Local advocates encourage women to prioritize wellness during ‘National Women’s Health Week’ – KESQ

National Women’s Health Week begins on Mother’s Day this Sunday and runs through May 20.

News Channel 3 spoke to local doctors and a cancer survivor who advocate for women and girls to take the time to prioritize their health.

Shay Moraga is a breast cancer survivor who has been in remission since 2017 and is sharing her story to help other women.

The CDC recognizes National Women’s Health Week beginning on Mother’s Day and shares these recommendations:

  • Get regular checkups
  • Talk to a health care provider about any health problems you have
  • Keep active
  • Eat a healthy and balanced diet.
  • Prioritizing your mental health and learning techniques to cope with stress

Moraga even recommends finding a support group to help you get started on your path to health.

“Have fun doing it, go for a walk, we’ve met at our mural and we’re going for a four-mile walk around here on El Paseo, and then we’d go get coffee or tea,” Moraga says.

The US Department of Health and Human Services recommends a ‘Well Woman Exam’ which includes an annual physical, breast and pelvic exam.

Alison Mayer Sachs of the Eisenhower Lucy Curci Cancer Center encourages women to consider the risks of other diseases.
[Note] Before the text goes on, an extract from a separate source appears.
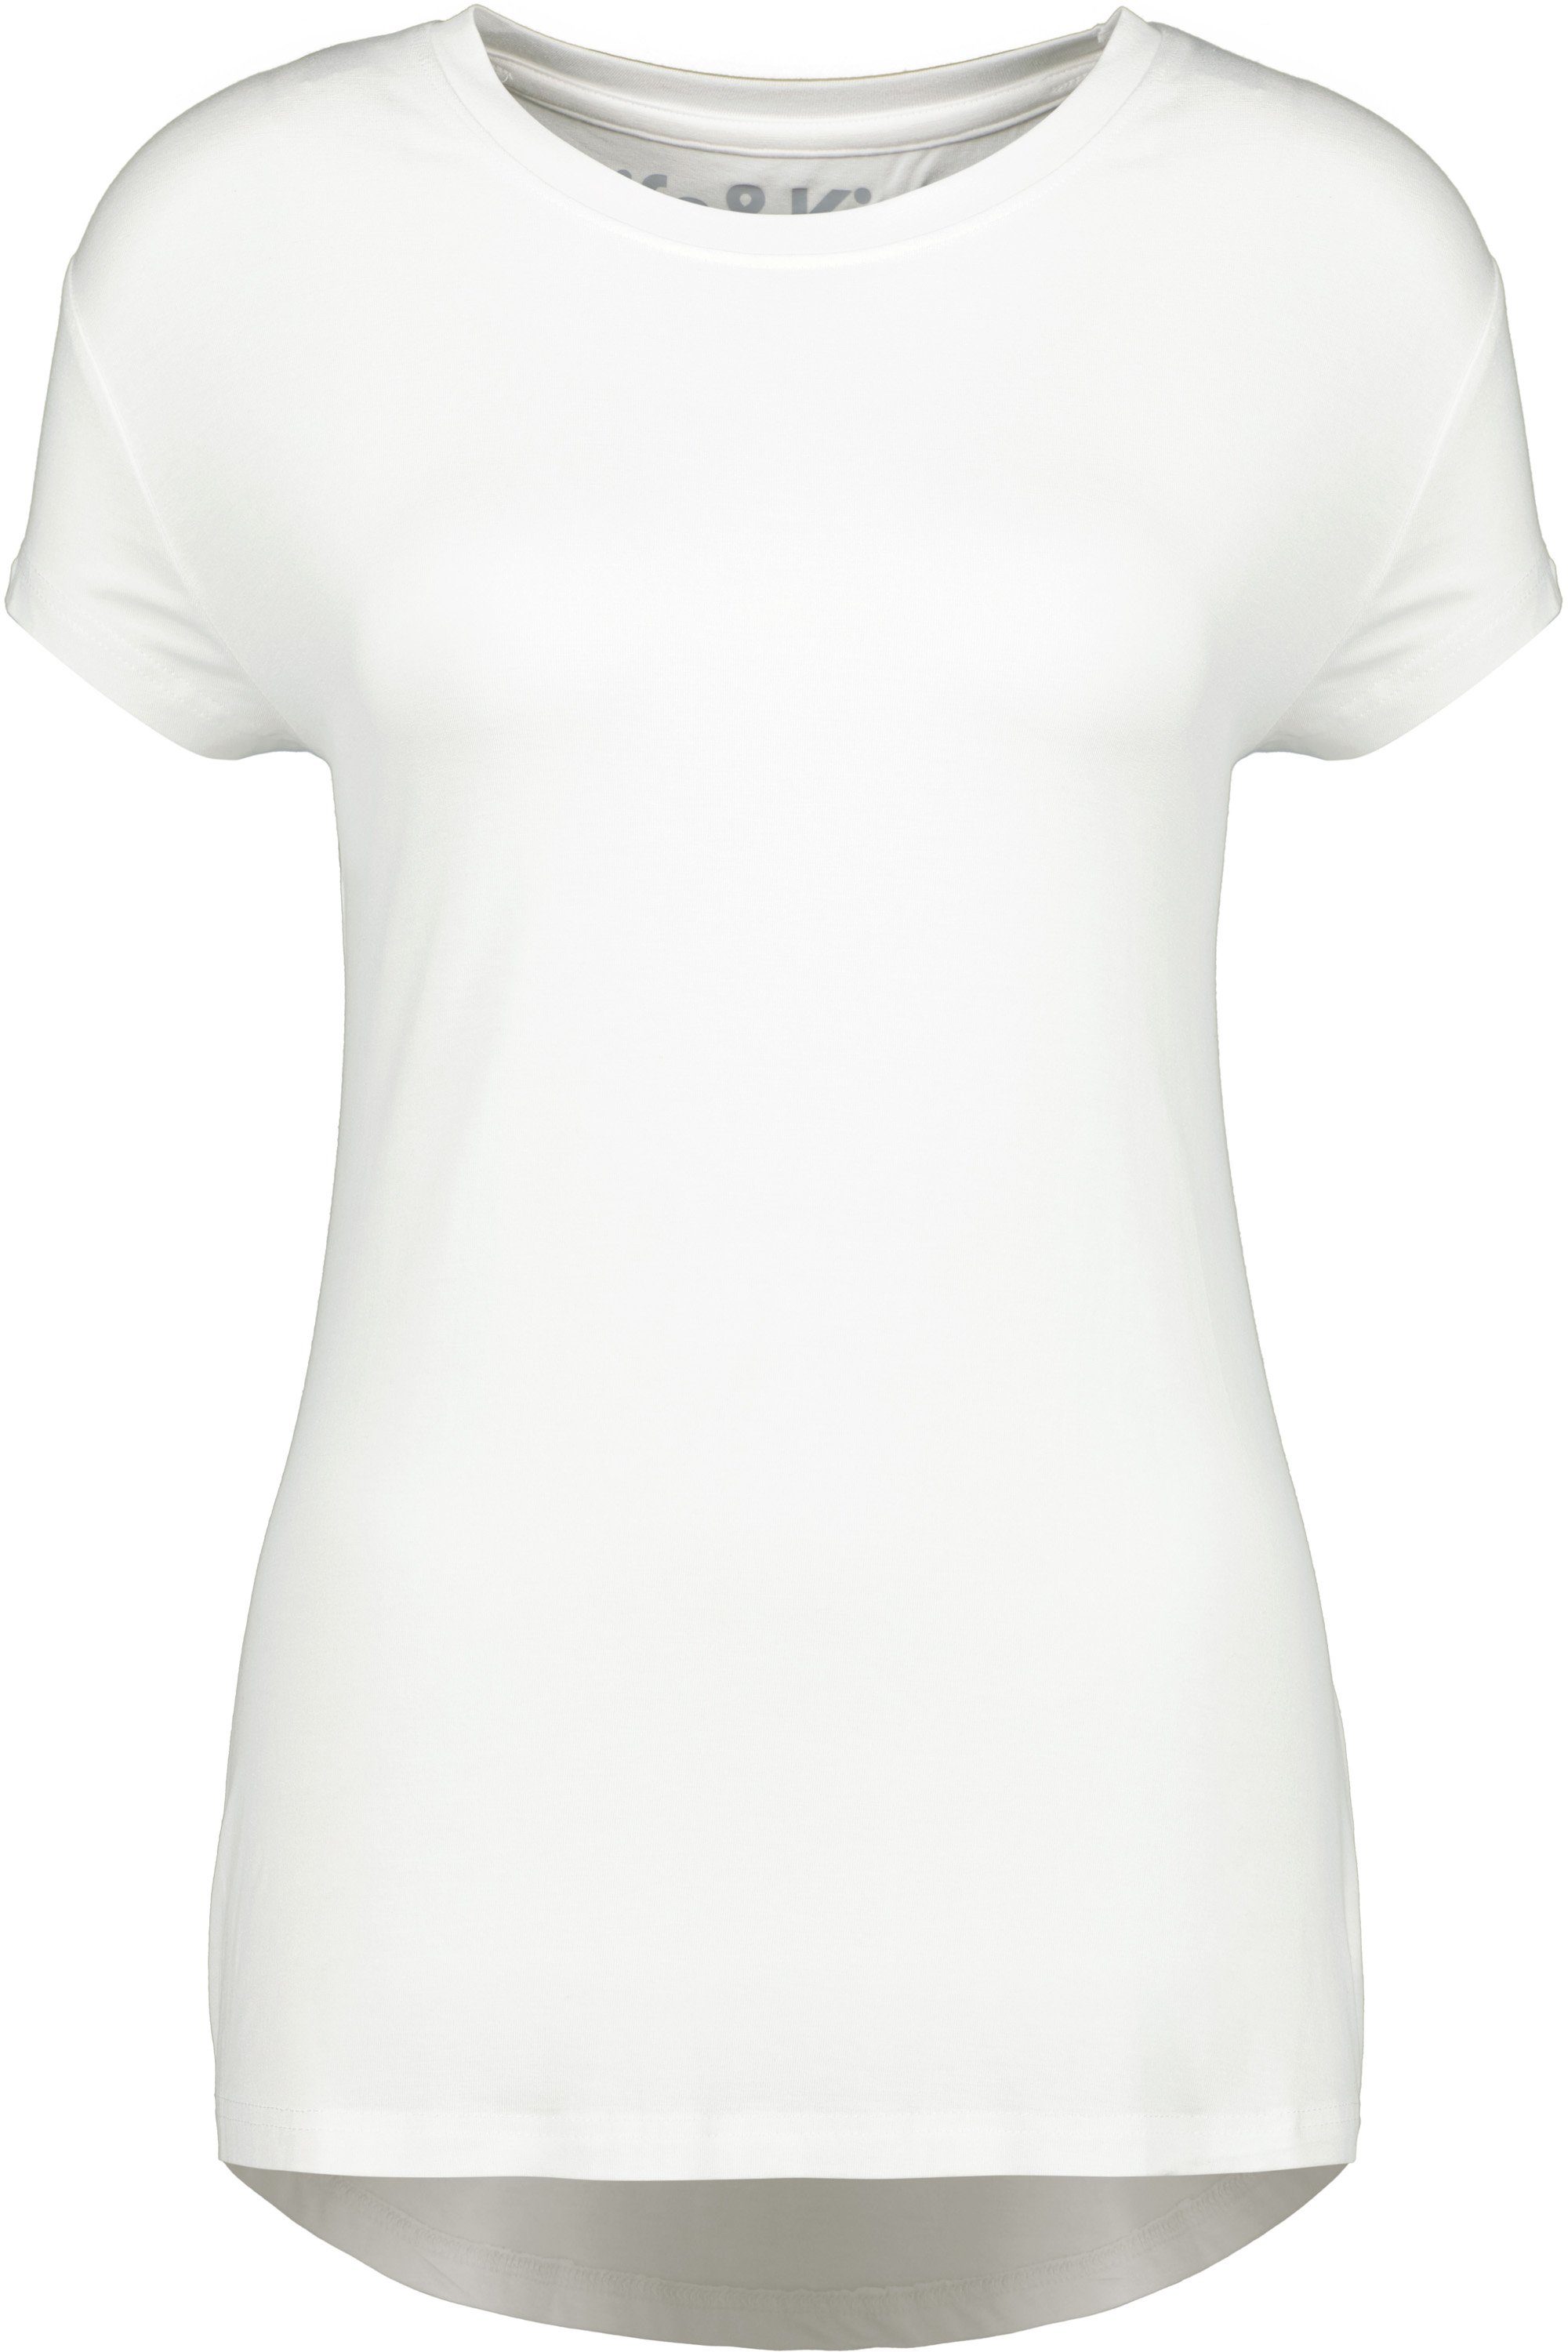 Damen Kurzarmshirt, Rundhalsshirt Shirt Shirt white & Alife MimmyAK A Kickin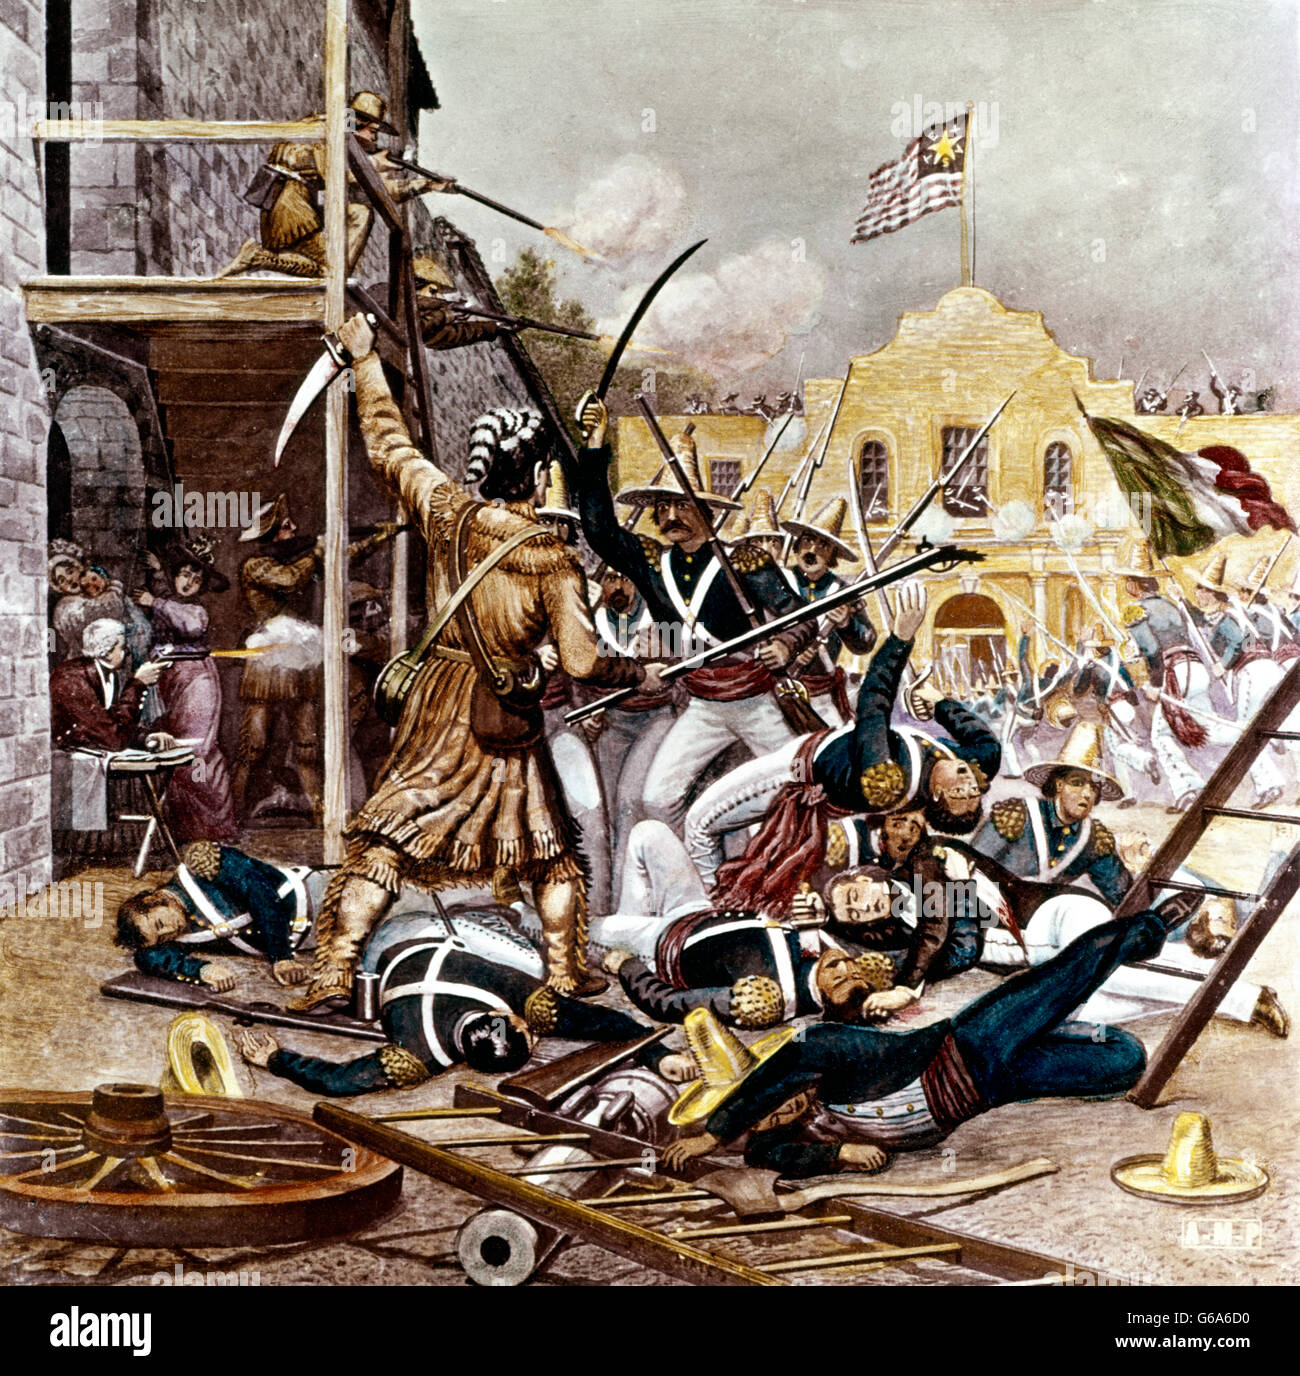 6 marzo 1836 Davy Crockett combattimenti alla Alamo guerra per l'indipendenza del Texas dal Messico illustrazione vetro antico lantern slide Foto Stock

“In addition to screening for breast and cervical cancer, women should discuss with their doctor whether they are at risk for lung cancer. Now we screen for lung cancer, you have to meet certain criteria. What about with esophageal cancer? There are certain criteria for that,” says Sachs.

Both Moraga and Sachs also stress the importance of being your own advocate.

“If I hadn’t been that advocate at the time, I probably wouldn’t be talking to you today,” Moraga says.

Sachs also adds: “Speak up, ask for what you want. You’ll get it. Just don’t skip the screenings.”

Moraga says the more she shares with her loved ones, the easier it has been to combat the stigma surrounding women’s health issues.

“The best thing we can do is talk about our health and talk about the good and the bad. We don’t have to be ashamed,” says Moraga.